Let's change the law to build more homes and strengthen NYC's elections
My testimony to NYC’s Charter Revision Commission
In brief: NYC is considering big reforms to the city’s laws that could speed up housing construction and boost voter turnout. I testified at a recent government hearing urging the city to adopt structural changes to reduce housing costs and merge local elections into a single ranked-choice general election in even years. Video and transcript below.
New York’s Charter Revision Commission is a powerful entity that can propose changes to the structure and distribution of powers within the city’s government. The current incarnation of the Commission, appointed by the mayor in late 2024, is considering a slate of changes that will likely appear on New Yorkers’ ballots alongside the November 2025 general election.
This is a huge opportunity to reshape New York for the better. Seizing this chance to improve our city, I testified at last week’s Charter Revision Commission hearing, urging the commissioners to adopt common-sense charter amendments that will help make housing cheaper and strengthen our democracy.
Two headline ideas I pushed for are:
Making housing cheaper by streamlining housing approvals to cut time and cost from building homes. I suggested allowing staff at the Department of City Planning to sign-off on small housing projects, creating an expedited review path for housing projects that modestly change the size of what’s already built, and consolidating duplicative stages of the review process.
Strengthening our democracy by rescheduling city elections to the even-numbered years (aligning state and federal elections) and having a single ranked-choice general election that’s open to all candidates (rather than having separate party primary elections).
These may feel wonky, but how we decide what can be built and the way choose our leaders has a big impact on whether New York's future will be livable, affordable, and thriving — or not.
Here’s the video of my testimony (transcript below):
Hi, my name is Sebastian Hallum Clarke, and I live on the Upper East Side. I’m a member of a Manhattan community board, speaking tonight on my own behalf and not as a representative of the board.

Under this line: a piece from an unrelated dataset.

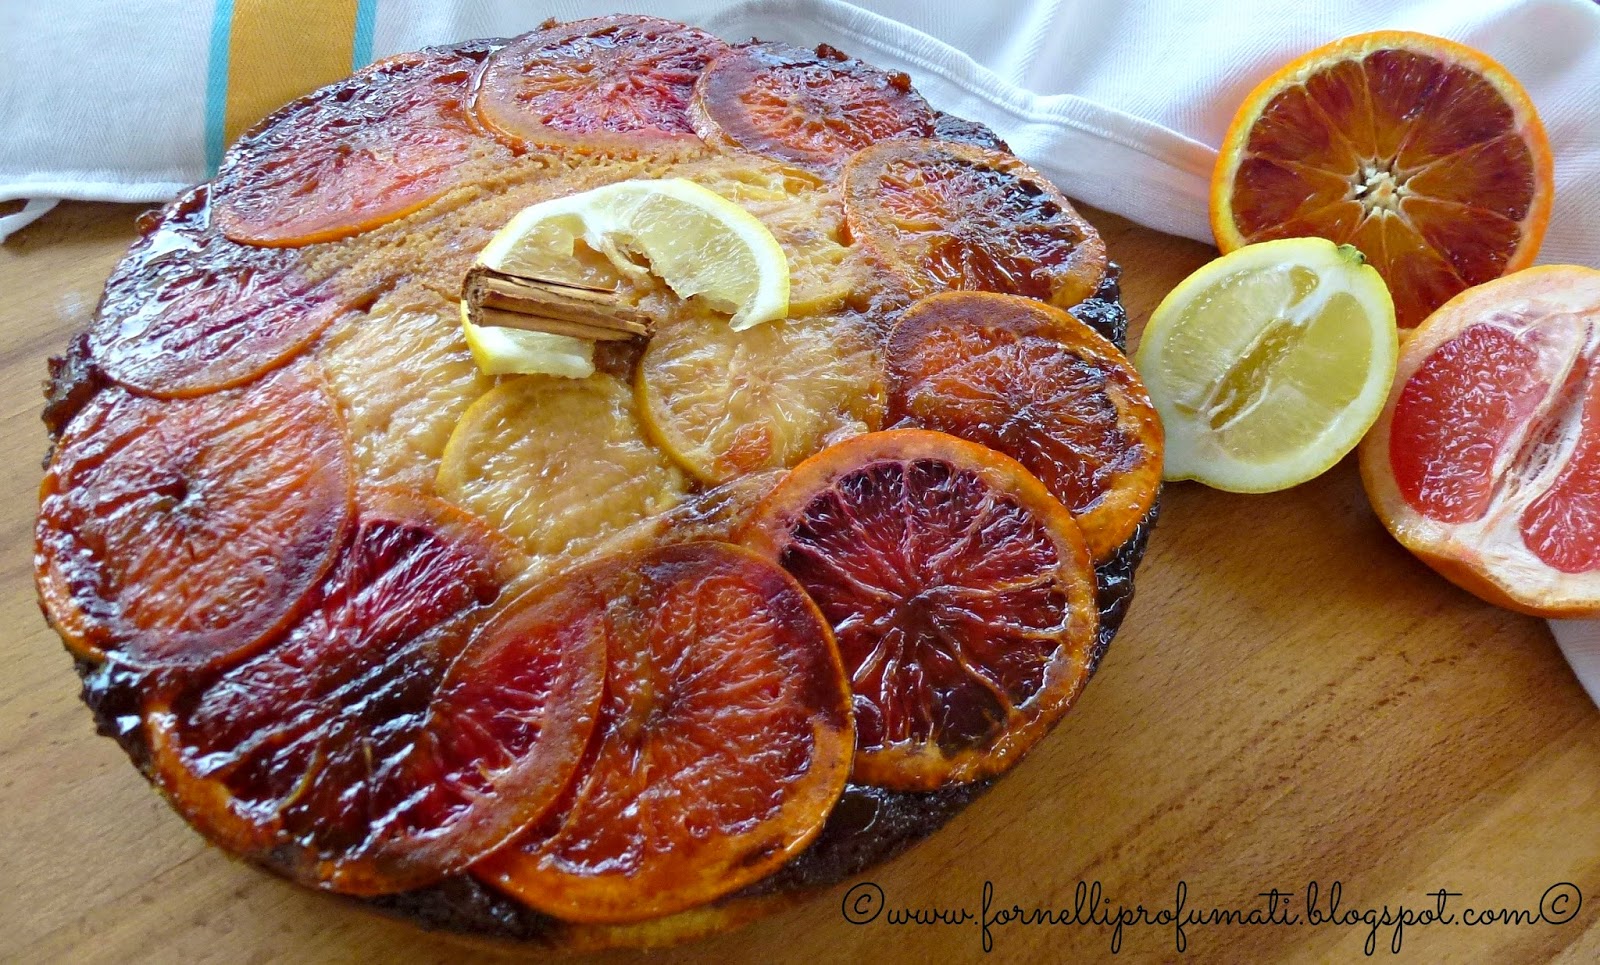 winter citrus upsidedown cake - torta rovesciata agli agrumi con pompelmo rosa, arancia rossa e limone.

Tonight I want to speak about housing and democracy, building on the proposals you’ve been discussing.
Housing
We need streamlined ULURP reviews, to build more homes, and make housing cheaper.

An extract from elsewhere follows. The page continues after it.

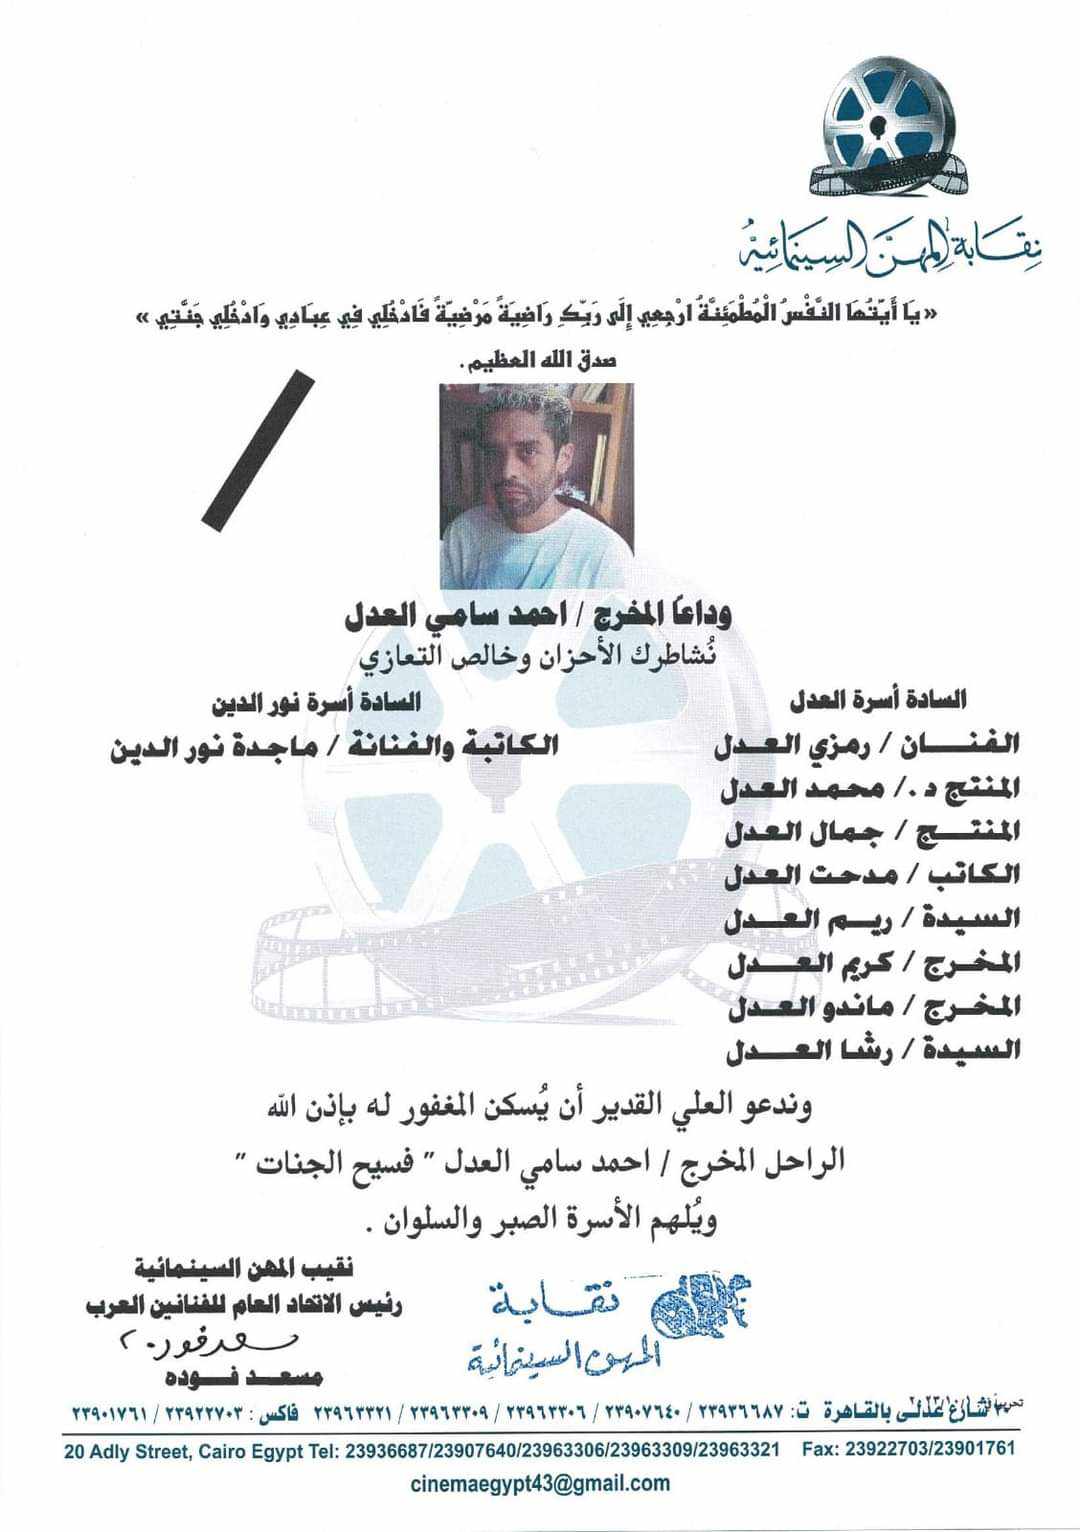  نقابة المهن السينمائية تنعي المخرج أحمد سامي العدل

So, streamlined reviews: Currently, many housing developments get separately reviewed by a community board, a borough president, the planning commission, the city council, and the mayor. This is super slow and expensive. Every day we can shave off these reviews is a day closer we can be to solving our housing emergency.
To build more homes, we need to fast-track as many housing projects as we can, create one-stop zoning-administrator reviews, and compress the ULURP review process as much as possible. I say we combine the Community Board and Borough President review stages, and give more weight to citywide or boroughwide elected officials over the views of individual city council members.
Let’s streamline reviews, to build more homes, and make housing cheaper.
Elections
We all want a robust democratic process, where every New Yorker’s voice can be heard.
The problem is that the high frequency of elections leads to voter fatigue and low turnout. I counted, and New Yorkers have been summoned to the polls ten times in the past four years. It’s too much.
To fix this, we should move our municipal elections to even years and replace party primaries with a single, open, ranked-choice general election. Then, with one consequential trip to the polls every four years, every New Yorker can have their say about who runs our city.
With this Charter Revision, let’s streamline our elections and make every vote count.
And on housing, let’s streamline the process to build more homes and make housing cheaper.
Thank you.
The Charter Revision Commission will continue to consult with experts and receive public testimony through at least mid-July. They’ll then decide on specific reforms to put to voters alongside the next election.